Claims circulating online that Australia plans to scrap its longstanding 50% capital gains tax discount for cryptocurrency investors and replace it with an inflation-based system are not supported by reality.
The Australian Tax Office continues to apply the 50% CGT discount to individuals who hold crypto assets for more than 12 months before selling. That policy has not changed, no official announcement has signaled its removal, and the supposed replacement framework does not appear to exist in any credible form.
What the current rules actually say
If you buy Bitcoin, Ethereum, or any other digital asset and sell it within 12 months, your profit is taxed at your full marginal income tax rate. Those rates range from 0% to 45%, depending on your total taxable income.
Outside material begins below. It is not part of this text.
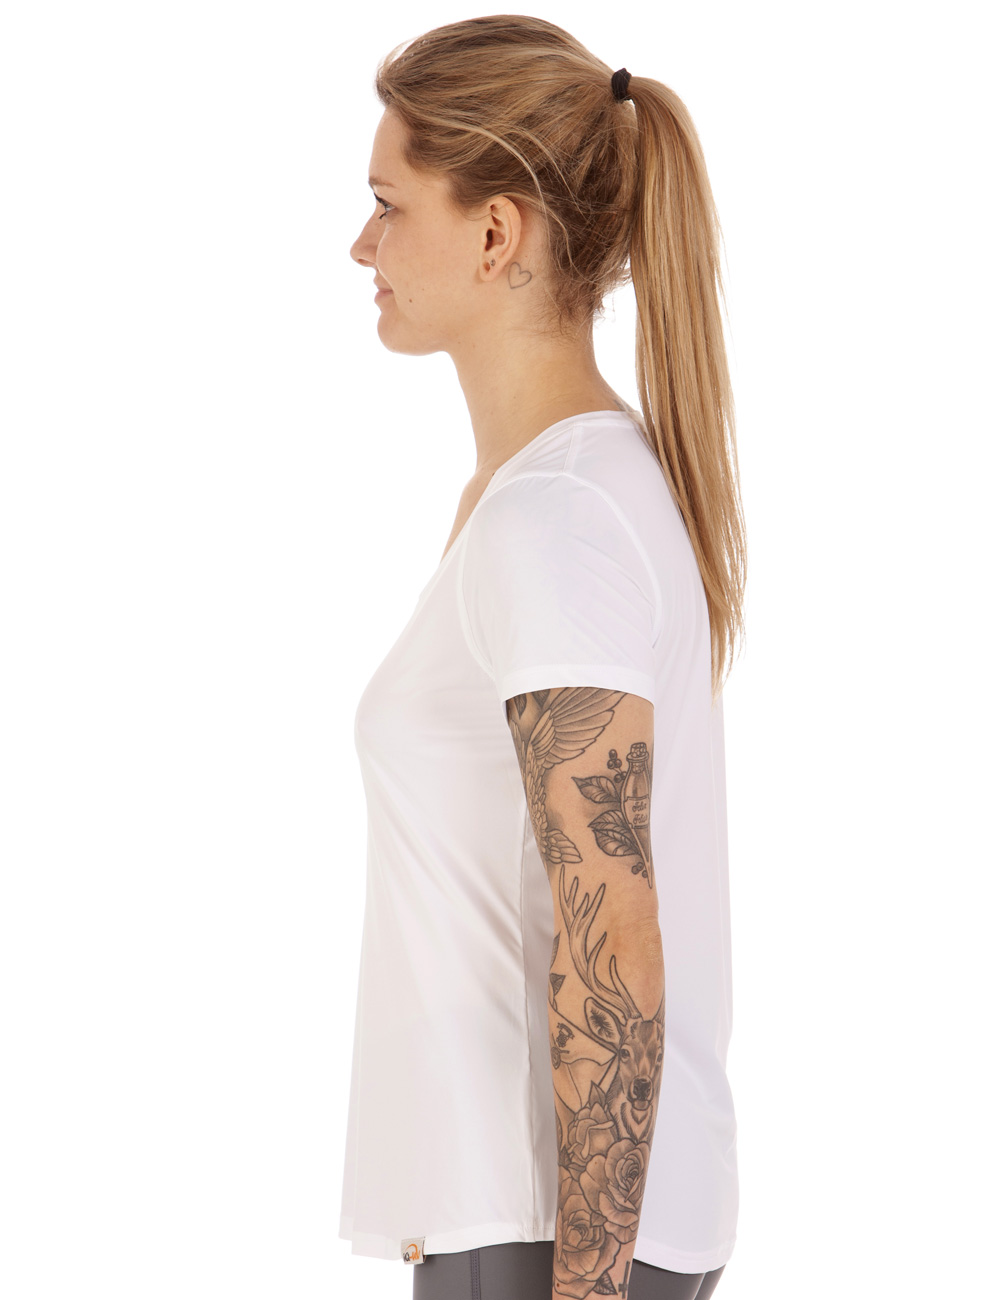 UV FREE Weitsicht shirt kurzarm weiß side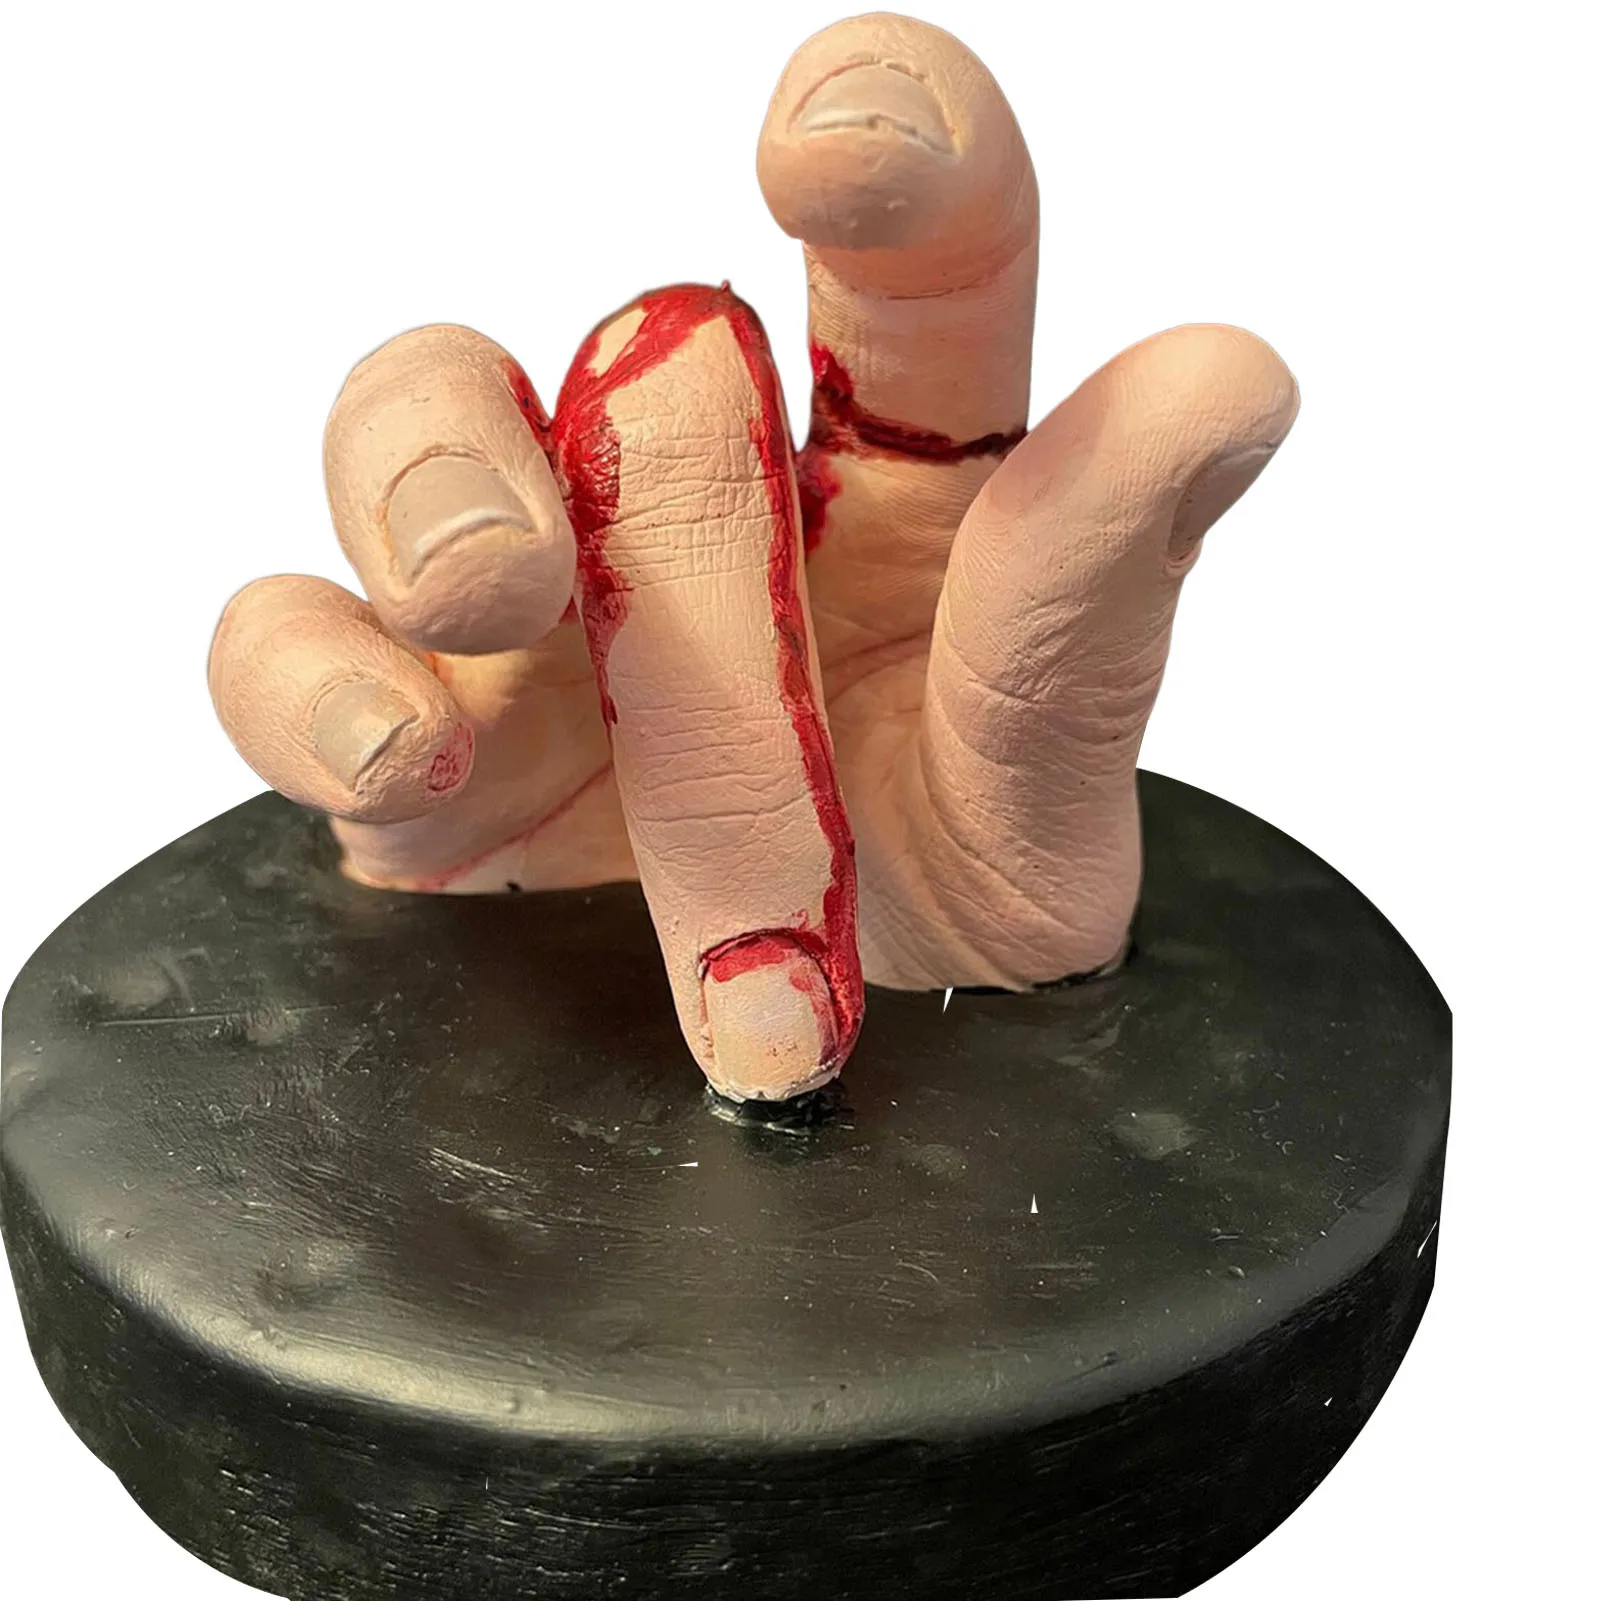 Страшная статуэтка из смолы с отрубленной рукой Реалистичная фигурка в форме руки для подарка другу семьи соседу. Изображение 3

Hold that same asset for longer than 12 months, though, and you qualify for the 50% CGT discount. Only half of your capital gain gets added to your taxable income. For someone in the top tax bracket, that effectively caps the tax rate on long-term crypto gains at roughly 22.5%.
There is also a carve-out for personal use. Crypto purchased and used for personal transactions may be exempt from CGT entirely if the original cost was under $10,000. The ATO classifies these as personal use assets, and the exemption applies as long as the crypto was not held as an investment or for business purposes.
Where the confusion likely started
Inflation indexation was actually how Australia handled capital gains before 1999. Under the old system, the cost base of an asset was adjusted for inflation using the Consumer Price Index, and you only paid tax on the “real” gain after accounting for rising prices. The Howard government replaced that approach with the current 50% discount model in 1999.
No recent legislation, budget announcement, or ATO guidance has proposed eliminating the 50% discount for crypto or any other asset class. The ATO has been updating its guidance on digital assets, particularly around decentralized finance and crypto lending, but those updates have reinforced the existing framework rather than dismantled it.
What Australian crypto investors should actually know
Every disposal of a crypto asset, whether selling for Australian dollars, swapping one token for another, or using crypto to purchase goods, is a taxable event. Gains and losses must be reported in annual tax returns.
The ATO has data-matching programs with Australian crypto exchanges and has previously sent warning letters to taxpayers it suspects of underreporting. Tools like CoinLedger and similar portfolio trackers are commonly recommended for keeping accurate records, especially for active traders who might have hundreds of taxable events in a single financial year.
For investors holding assets long-term, the 50% CGT discount remains the single most valuable tax benefit available. Selling a position at 11 months and 29 days versus 12 months and 1 day can literally double your tax bill on the same gain.